The Parrot and the Igloo: Necessary Reading Now!

When our children and grandchildren look back on this era, one of their most confounding questions will be their bewilderment-- maybe even rage-- that we let climate change go this far downhill before doing anything about it. “What were you thinking?” will be the kindest way they will phrase it. 

David Lipsky has the answer.

In his taut and elegantly written “The Parrot and the Igloo,” Lipsky performs the high-wire act of writing the complete history of, as the subtitle reads, “climate change and the science of denial,” and doing so in bingeworthy fashion. “I wanted it to be like a Netflix release, where all the episodes drop together,” he writes in the preface. Trust me, it is. 

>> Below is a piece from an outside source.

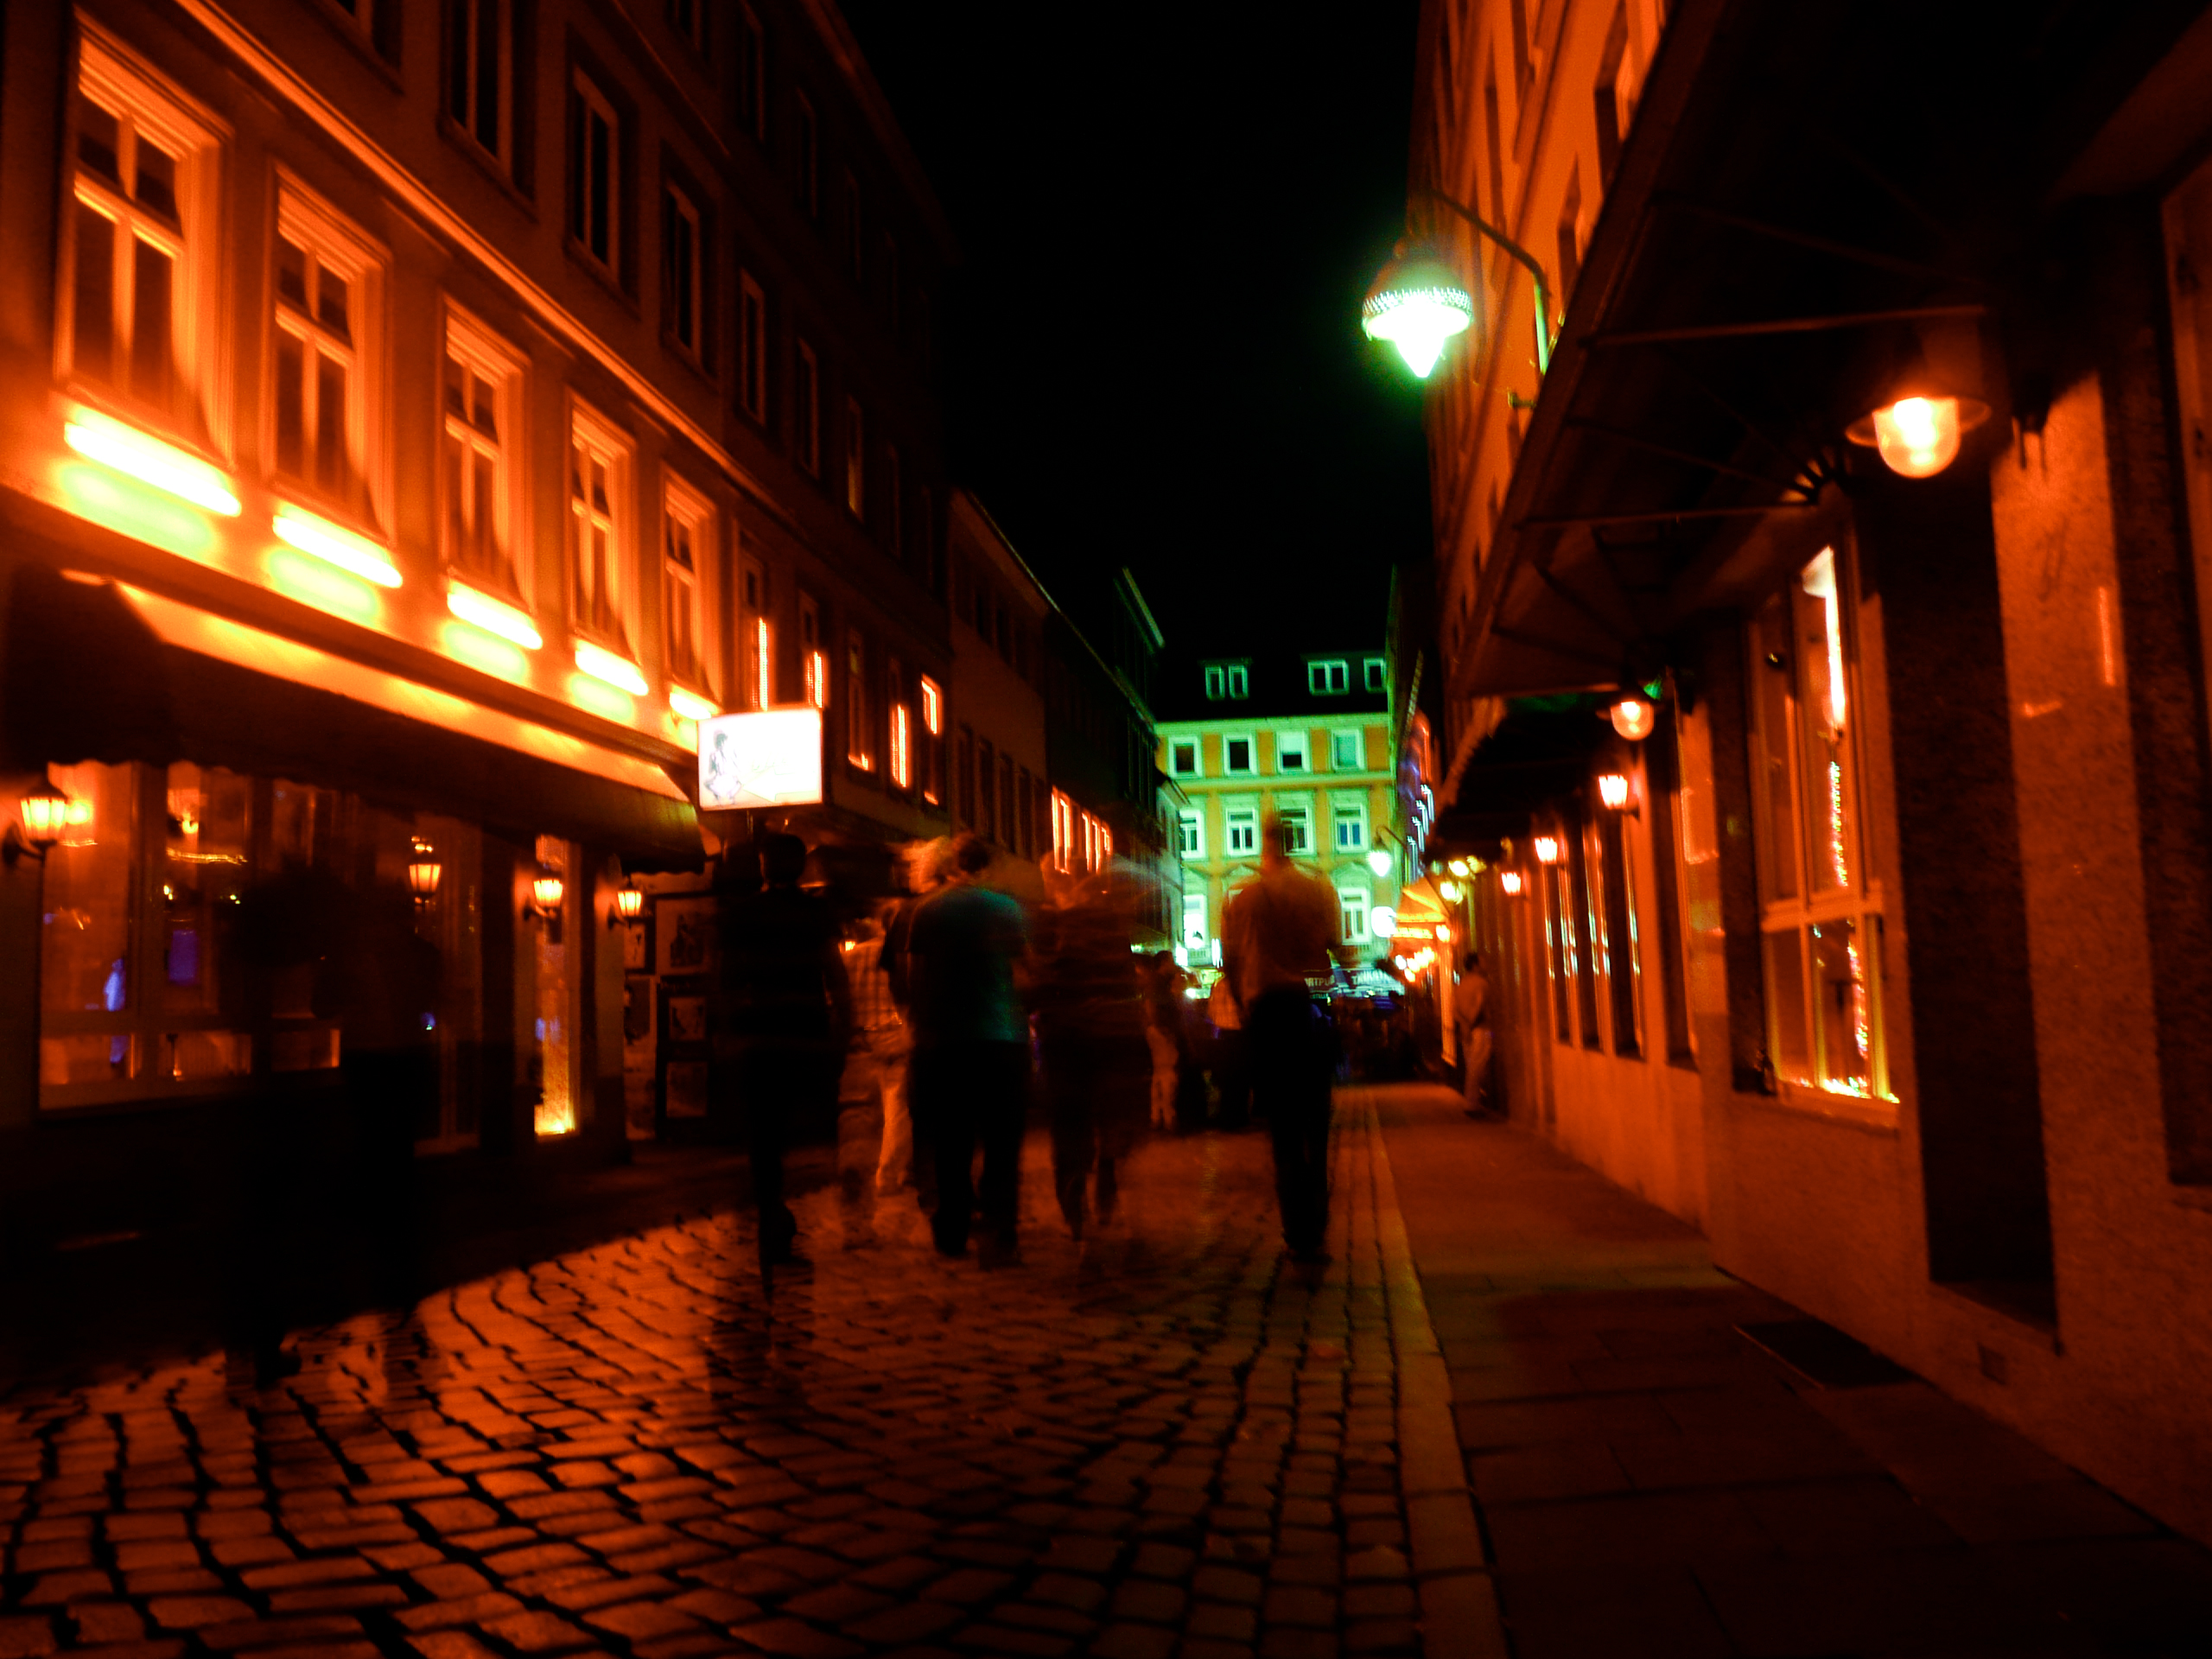 Herbertstrasse (odnoga Reeperbahn), ulica czerwonych latarni.

Crazy thing is, he begins in a completely counterintuitive place, way back with Samuel Morse and the invention of the telegraph, then slides into the Thomas Edison and Nicola Tesla stories, and somehow it all makes perfect sense-- you will learn things you never knew, will want to learn more, and will desperately hope the book does become a Netflix series. It’s that good.  

The book takes its oddly memorable title from two moments in time that bookend the story. In 1956, with the weather even then warming, oceanographer Roger Revelle had looked at the previous century’s worth of CO2 released from burning coal and oil and suggested it “may have a violent effect” on climate and warned of a runaway “greenhouse effect.” Picking up the story, The New York Times imagined a future Arctic, thawed and tropical, complete with “gaudy parrots squawking in the trees.” 

This is 1956, mind you-- we knew about climate change that long ago.

Fast-forward six decades to a snowy winter in 2010, when Oklahoma senator and world-class climate curmudgeon James Inhofe’s grandchildren built an igloo on the Mall in DC, pushed a sign through its top that read “AL GORE’S *NEW* HOME,” and invited people to take climate-mocking selfies alongside it. Al Gore was then fresh off his An Inconvenient Truth and Nobel Prize turns, making him the prime target of climate deniers. (Inhofe, by the way, is famously the one who derided “manmade global warming” as “the greatest hoax ever perpetrated on the American people” on the Senate floor. His grandchildren might regret this in the coming years.)

Though 2010-- the year of that igloo-- ultimately tied 2005 as the hottest year on record up to then was irrelevant, as science is irrelevant. There was enough snow to build an igloo in DC: that’s all some needed to prove global warming was a hoax.

Along the way you'll meet a memorable cavalcade of colorful charlatans, cranks, and know-nothings who dedicated extraordinary amounts of time to taking down climate science, including a pantheon of people recycled from denying the mountain of evidence against Big Tobacco, Exxon leveraging the cigarette experience to stonewall climate action. 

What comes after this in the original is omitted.